1. Rincon, Monica MD, MA, MSc
  2. Rojas, Maria Ximena RN, MSc
  3. Rodriguez Romero, Viviana Alejandra MSc
  4. Tamayo, Diana Carolina MD
  5. Franco, Camilo MD
  6. Castro, Hector MD, PhD
  7. Brophy, James MD, PhD
  8. Dennis, Rodolfo MD, MSc


PURPOSE: Cardiac rehabilitation (CR) in patients with chronic heart failure (CHF) has met with resistance from third-party payers in low- and middle-income countries because of lack of evidence regarding its cost-effectiveness. We aimed to provide information to help better inform this decision-making process.


METHODS: Costs associated with a 12-week exercise-based rehabilitation program in Colombia for patients with CHF were estimated.

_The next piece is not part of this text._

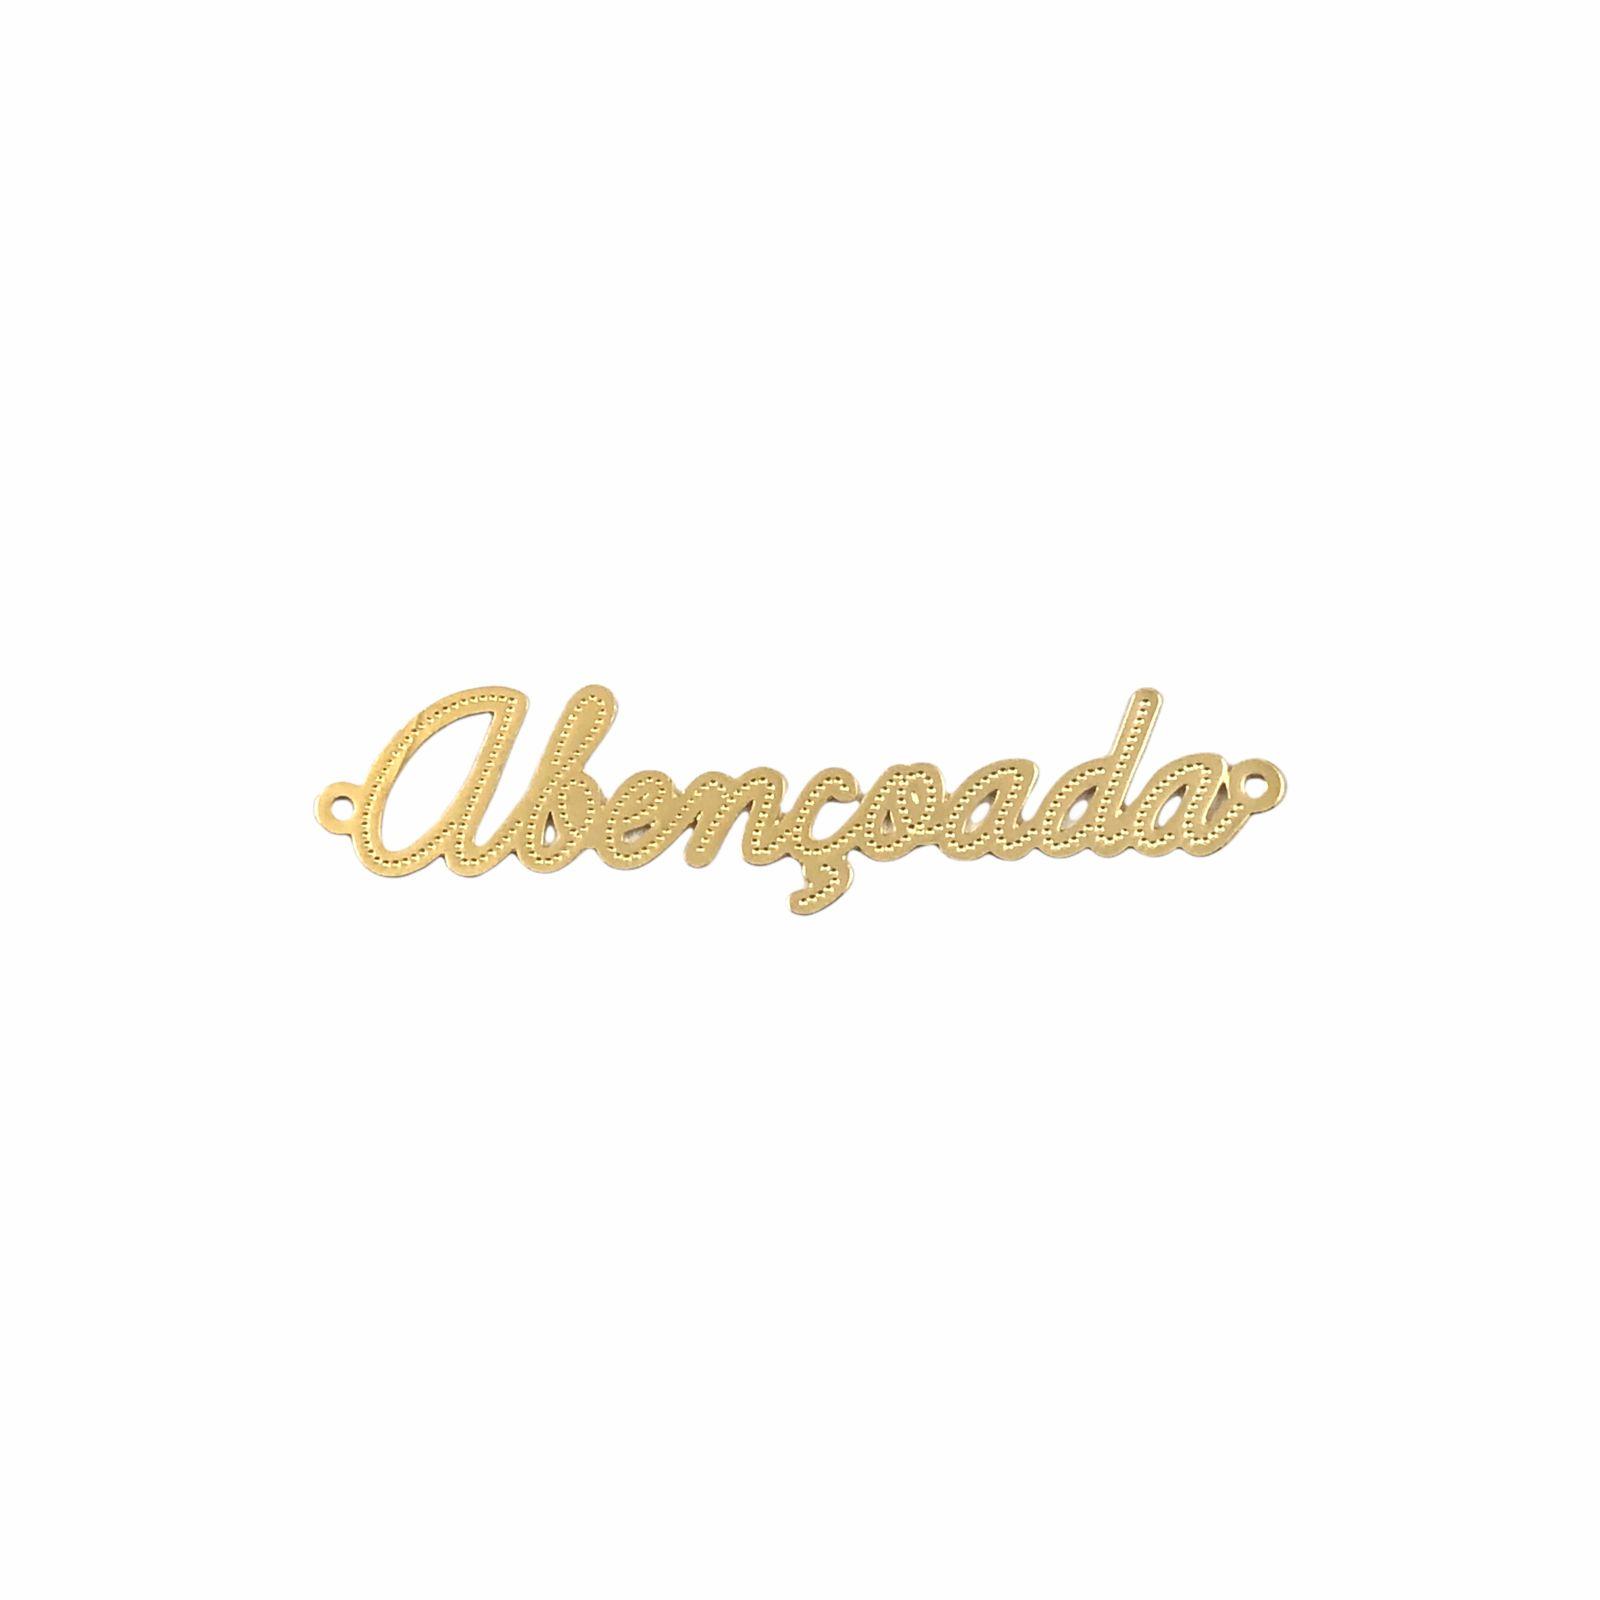 ETM573 - Entremeio Abençoada Banhado Cor Dourado - 1Unid

We collected data on all medical resources used in ambulatory care and data on hospital costs incurred for treating patients with uncompensated CHF. A literature search to establish the hospitalization rates because of uncompensated CHF, death because of CHF, and potential decreases in these data because of the utilization of CR was conducted. We modeled incremental costs and effectiveness over a period of 5 years from the perspective of the third-party payer.


RESULTS: All costs were converted from Colombian pesos to US dollars. For an exercise-based CR program of 12-week duration (36 sessions), costs ranged from US$265 to US$369 per patient. Monthly costs associated with ambulatory care of CHF averaged US$128 +/- US$321 per patient, and hospitalization costs were US$3621 +/- US$5 444 per event. Yearly hospitalization incidence rates with and without CR were 0.154 and 0.216, respectively. The incremental cost of CR would be US$998 per additional quality-adjusted life-year. Sensitivity analysis did not significantly change these results.


CONCLUSIONS: Cardiac rehabilitation in patients with CHF in settings such as Colombia can be a cost-effective strategy, with minimal incremental costs and better quality of life, mainly because of decreased rates of hospitalization.